The story of this church was documented in 1932 by Signe Elton Knutson in Norwegian. Karen Lislegard translated it into English in 1972 and this week my cousin Sheila Winstead of Roseau, MN, continued the chain by sharing the story with me.

It’s 1889 and the first settlers arrive in Pine Creek, Minnesota. Faith followed closely when Pastor Pederson arrived in 1890 from Hallock to organize the twelve resident families into a congregation. In 1891 a rumor circulated that Indians had planned an attack so the men cut logs to build a fort. The attack never materialized so the timber was hewn into a church with simple hand tools and a knowledge of carpentry gained in the old country. The congregation grew so much that in 1908 that the new (and still active) church was built a mile away leaving the old church to watch over it's former parishioners now at rest in the cemetery. In 1920 the old church moved to Pine Creek to serve as community hall, fell into disrepair then finally moved again to a roadside park where it was made original. The highway department eventually quit maintaining the park and the condition of the church deteriorated.

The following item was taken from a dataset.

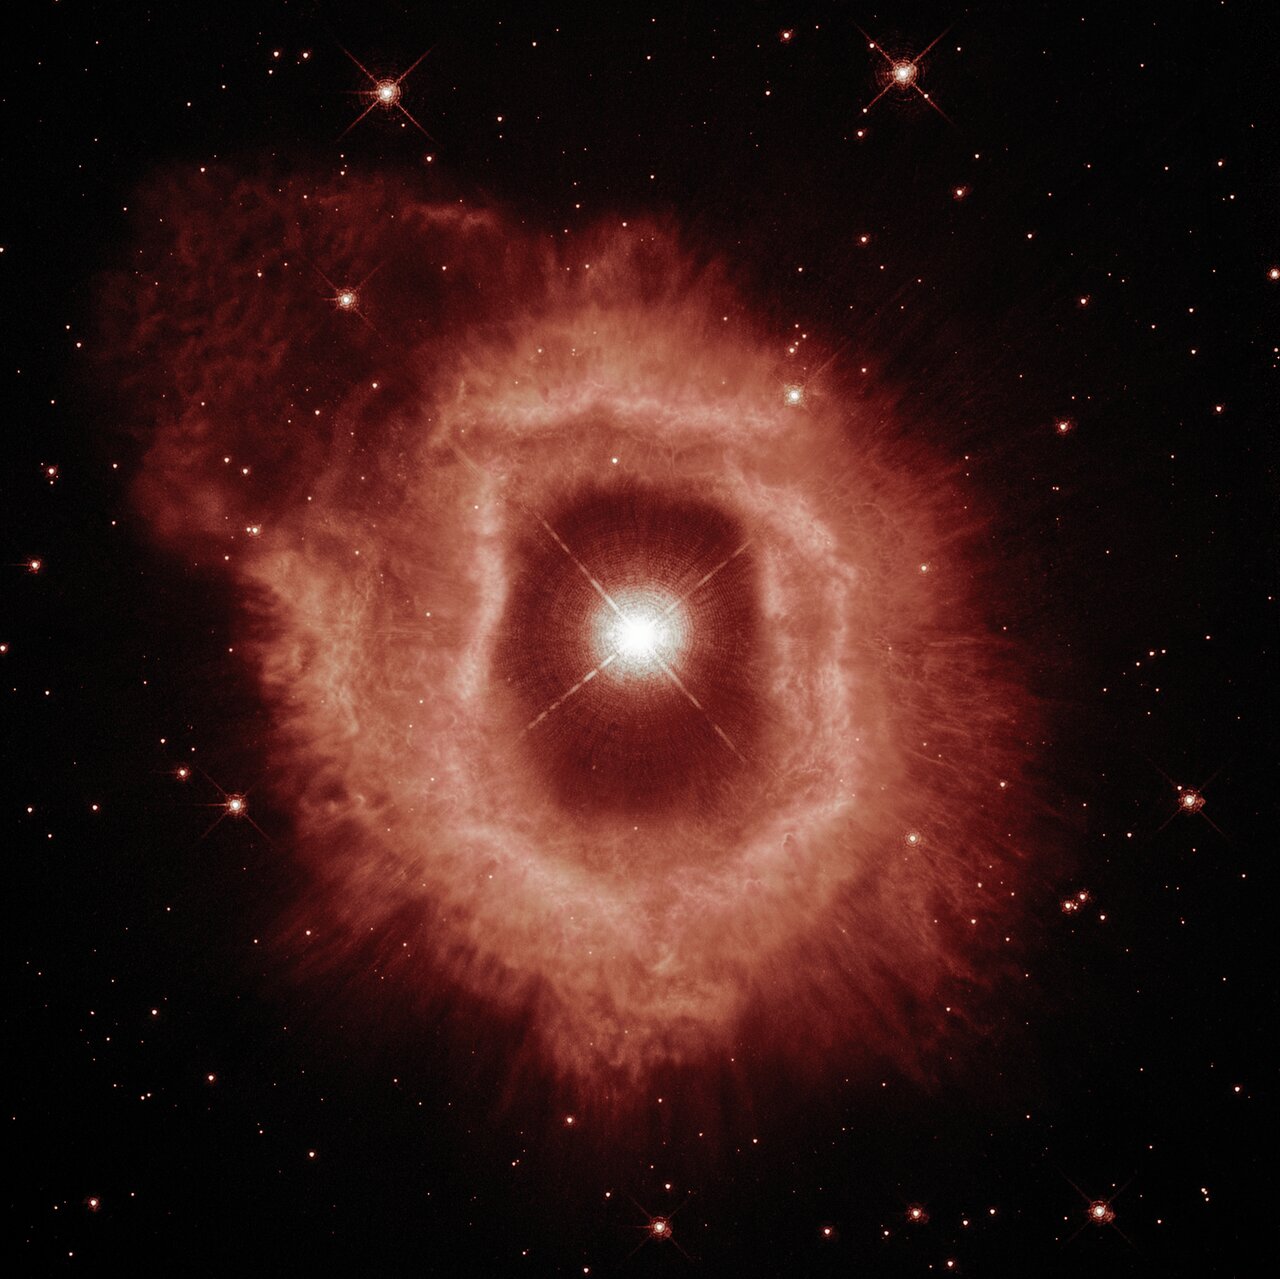 過去の爆発で放出されたガスと塵の星雲に囲まれた巨大星「りゅうこつ座AG星」

It’s now 1999 and representatives from the State Historical Society stand before the Pine Creek Church. They’ve decided this tough old structure can stand one more move to the Pioneer Farm and Village just west of Roseau, MN. It was placed on a concrete foundation in 2000 but still the work wasn’t complete. My cousins Sheila Winstead and Tallie Habstritt asked Bob and Karen Granitz of Malung if they could help lay some rock so they could learn the craft. They then took this knowledge and used it give the Pine Creek church a veneer of brand new field stone. They had help from those touched by Pine Creek Church; Vernon and Martha Haaby, Terry Haaby, Susan Rice, Sheila’s husband Bob and the local Sentence to Service crew and to date have completed approximately half of the foundation. This small, dedicated crew hopes for a few more workdays before snowfall but they’d rather make worthy repairs than make repair in haste.

 

It’s 2004 and the old Pine Creek church still stands. The first church of Roseau County has kept it’s parishioners close to God and now keeps it benefactors close to history. It is like the people it’s served; enduring and welling with character. It is a place where young children learned the parables and grew faith that served them all their life. It is a historical building that is still as relevant as it was when settlers used ax, wooden dowels and their faith to build it from the timber near Pine Creek, Minnesota.